Now, we need to create an embedding of these chunks. We can use the all-MiniLM-L6-v2 embedder for this. 

**Task 2:** Use a sentence transformer to encode all of the chunks. Then save the results in a faiss IndexFlatIP index.

In [7]:
embedder = SentenceTransformer('all-MiniLM-L6-v2')
embeddings = embedder.encode(chunks)

dimension = embeddings.shape[1]
index = faiss.IndexFlatIP(dimension)
index.add(embeddings)

The next necessary piece is a generative model. We'll make use of [OpenRouter](https://openrouter.ai/), using the OpenAI interface.

In [8]:
client = OpenAI(
    base_url="https://openrouter.ai/api/v1",
    api_key=api_key,
)

In [9]:
query = "How does SC-LoRA differ from regular LoRA?"

Baseline LLM Query
The notebook sets up an OpenAI-compatible client for OpenRouter and queries the LLM directly with a question (e.g., "How does SC-LoRA differ from regular LoRA?") without any context.
This demonstrates how the LLM answers based only on its pretraining, not the specific paper.

In [10]:
response = client.chat.completions.create(
    model="meta-llama/llama-4-scout:free",
    messages=[
        {
            "role": "user",
            "content": query,
        },
    ],
)

response.choices[0].message.content

"SC-LoRA (Space-Conditioned Low-Rank Adaptation) and LoRA (Low-Rank Adaptation) are both methods used in the context of adapting large pre-trained models to specific tasks or domains with efficient and effective fine-tuning strategies. While they share the common goal of updating a subset of model parameters to adapt to new conditions (like tasks, styles, or domains) without retraining the entire model, there are key differences between SC-LoRA and regular LoRA:\n\n1. **Basic Approach**:\n   - **LoRA**: This method works by adding low-rank matrices to the original weights of the model layers. These low-rank matrices are learned during fine-tuning and allow the model to adapt to new tasks with a relatively small number of additional parameters.
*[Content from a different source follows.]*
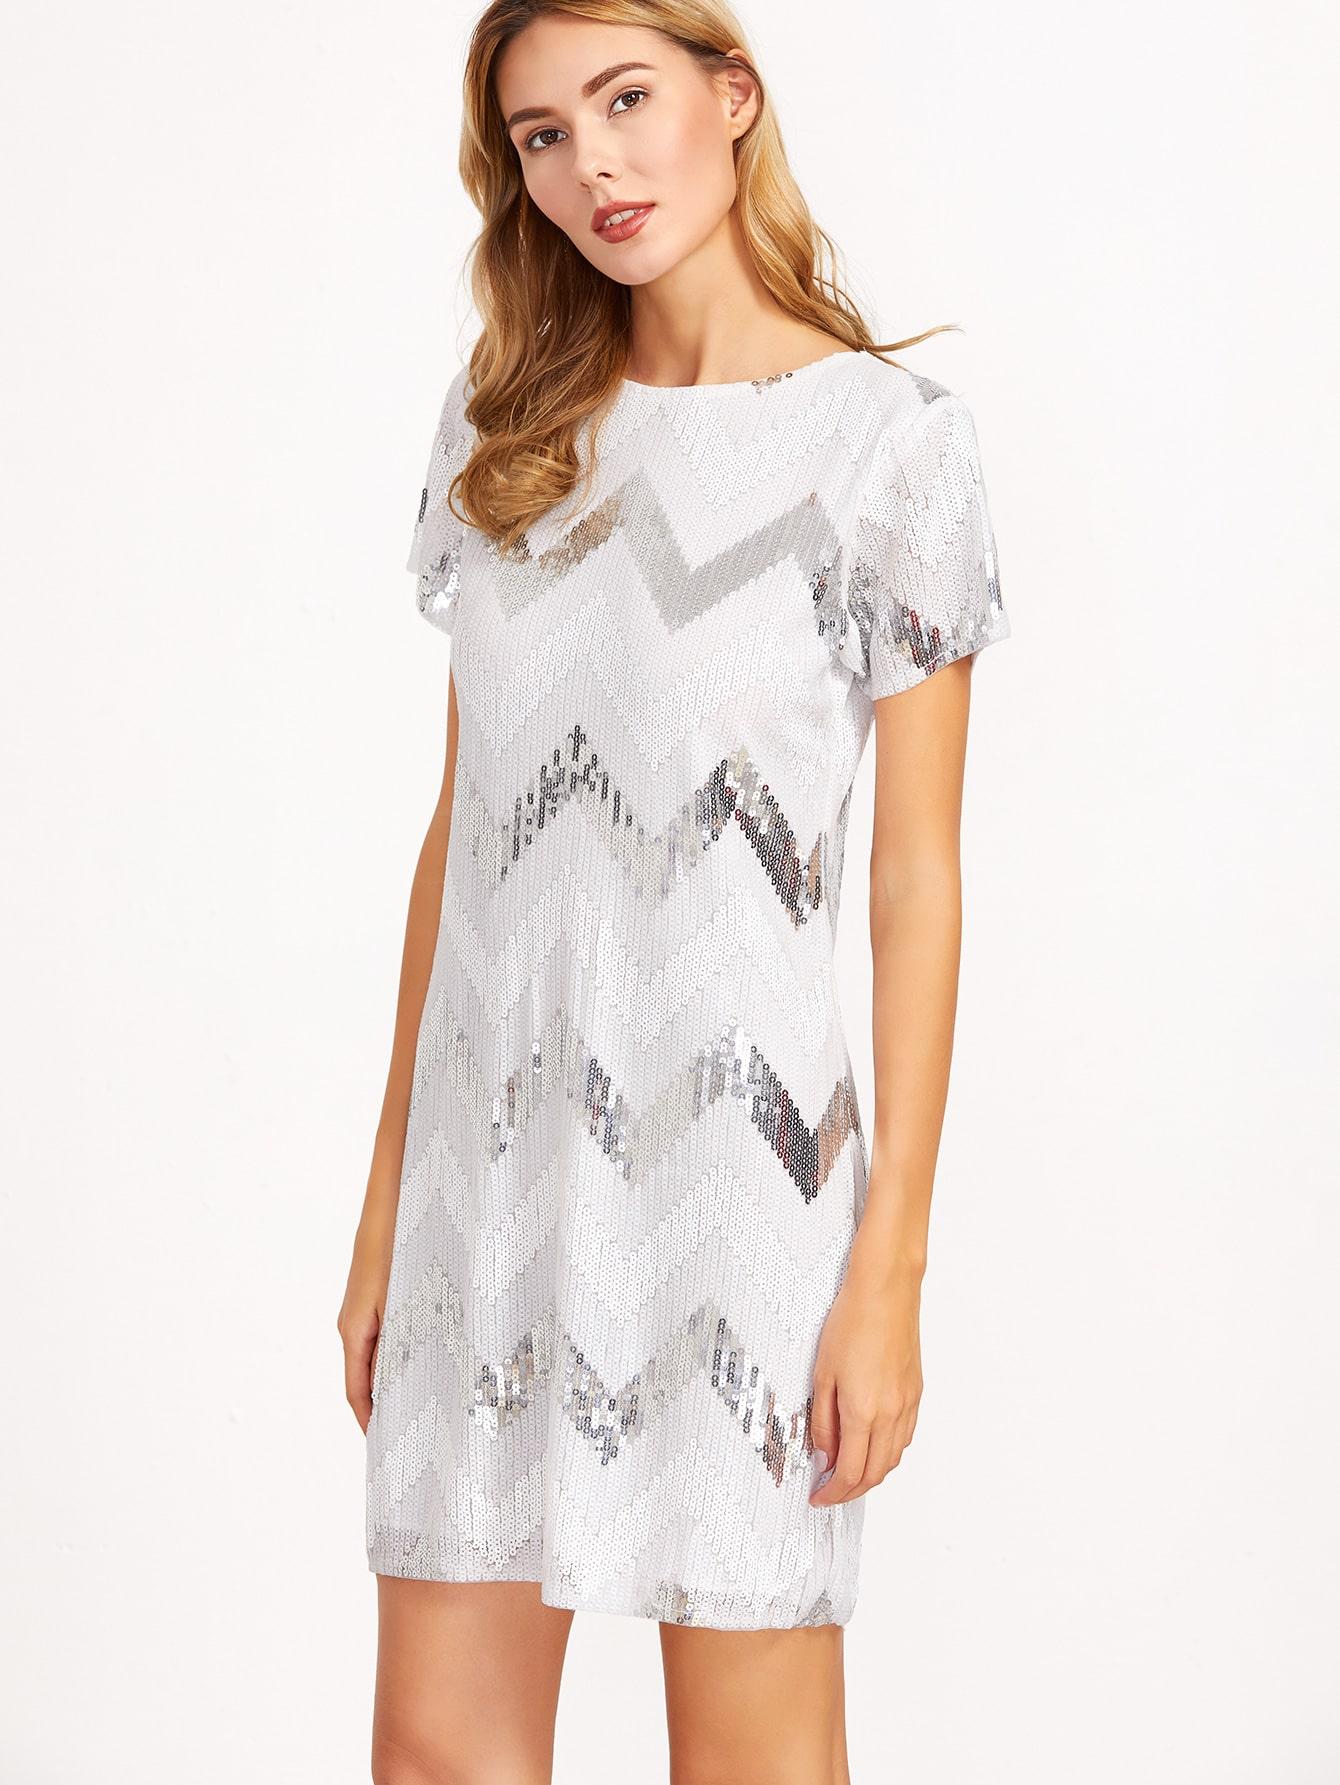 dress161123302_2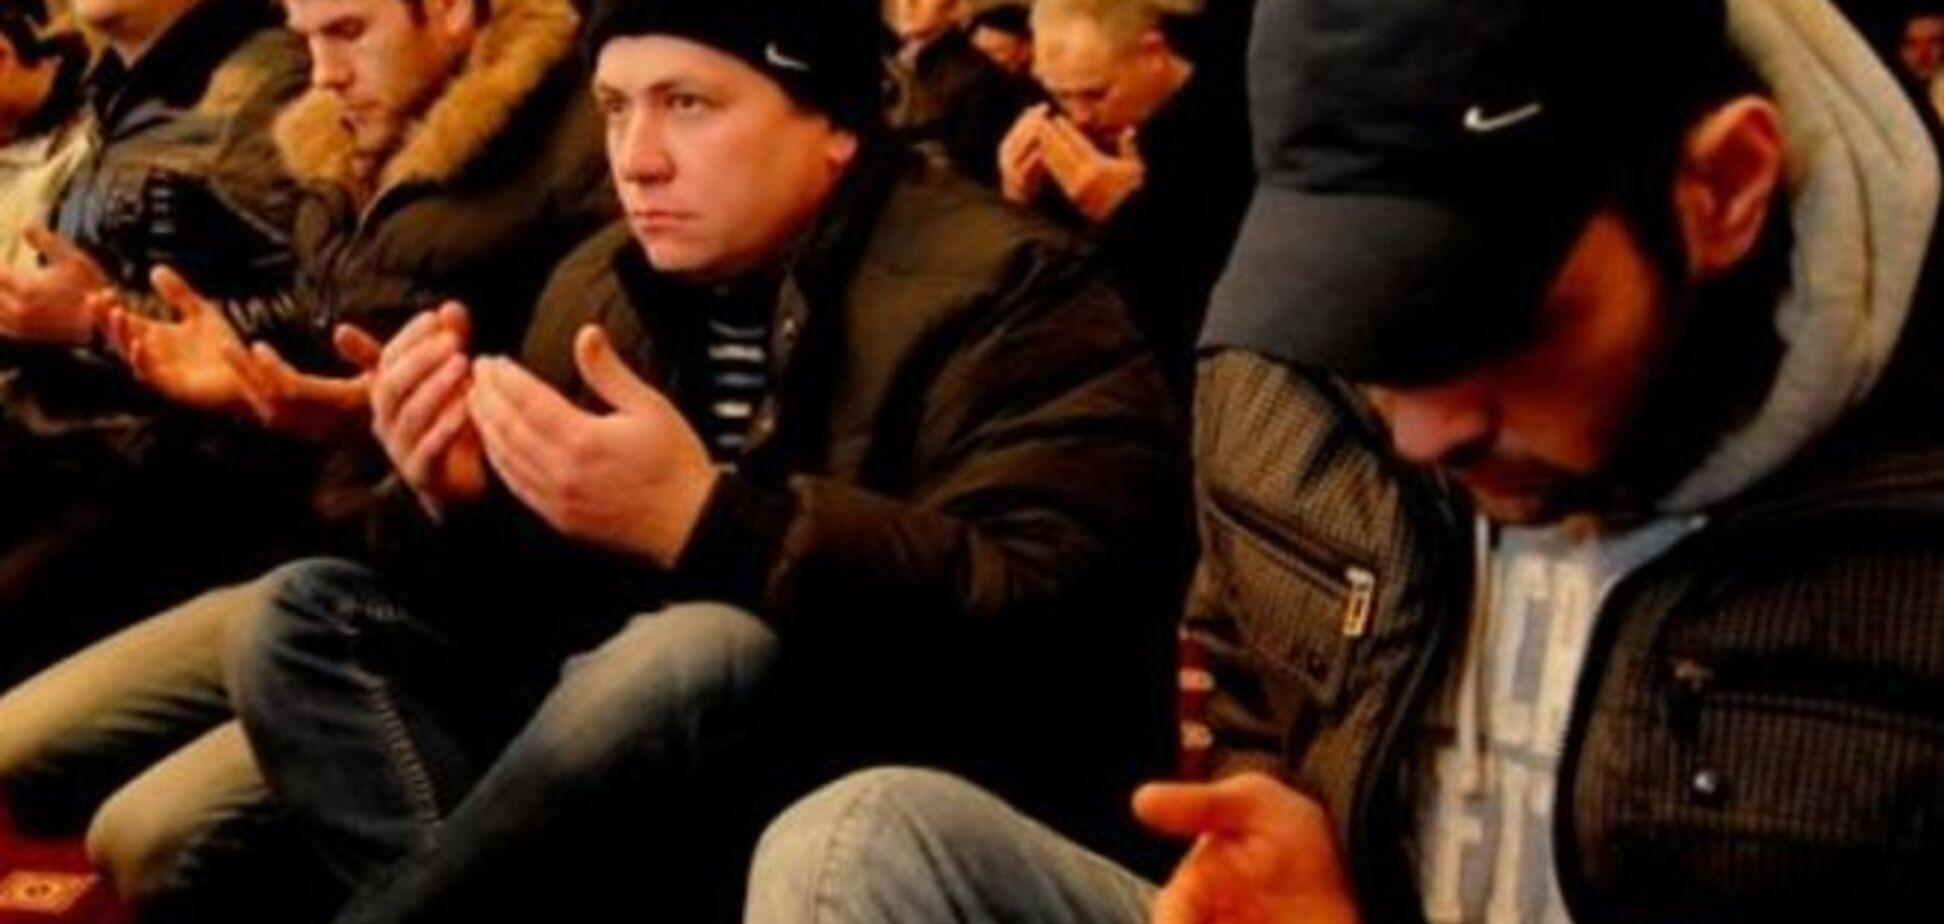 В Крыму мусульман начали массово вызывать на допросы

LoRA focuses on optimizing these adaptation matrices with the goal of minimizing the need for extensive retraining of the entire model.\n   - **SC-LoRA**: SC-LoRA extends the basic LoRA approach by incorporating an additional conditioning mechani

**Task 3:**

In [11]:
query = "How does SC-LoRA differ from regular LoRA?"

In [12]:
query_embedding = embedder.encode([query])
D, I = index.search(query_embedding, k=5)
most_similar_chunks = I[0]

context = ""
for i in most_similar_chunks:
    context += "\n\n" + chunks[i]

In [13]:
system_prompt = (
    "Use the given context to answer the question. "
    "If you don't know the answer, say you don't know. "
    "Use three sentences maximum and keep the answer concise. "
    f"Context: {context}"
)

The notebook then:
Encodes the query.
Retrieves the top-5 most similar text chunks from the FAISS index.
Concatenates these chunks as context.
Constructs a system_prompt that instructs the LLM to answer using only the provided context.
The LLM is then queried again, but this time with the context included as a system prompt.
Improvement: The answer is now grounded in the actual content of the paper, making it more accurate and reliable.

In [14]:
response = client.chat.completions.create(
    model="meta-llama/llama-4-scout:free",
    messages=[
        {
            "role": "system",
            "content": system_prompt,
        },
        {
            "role": "user",
            "content": query,
        }
    ]
)

print(response.choices[0].message.content)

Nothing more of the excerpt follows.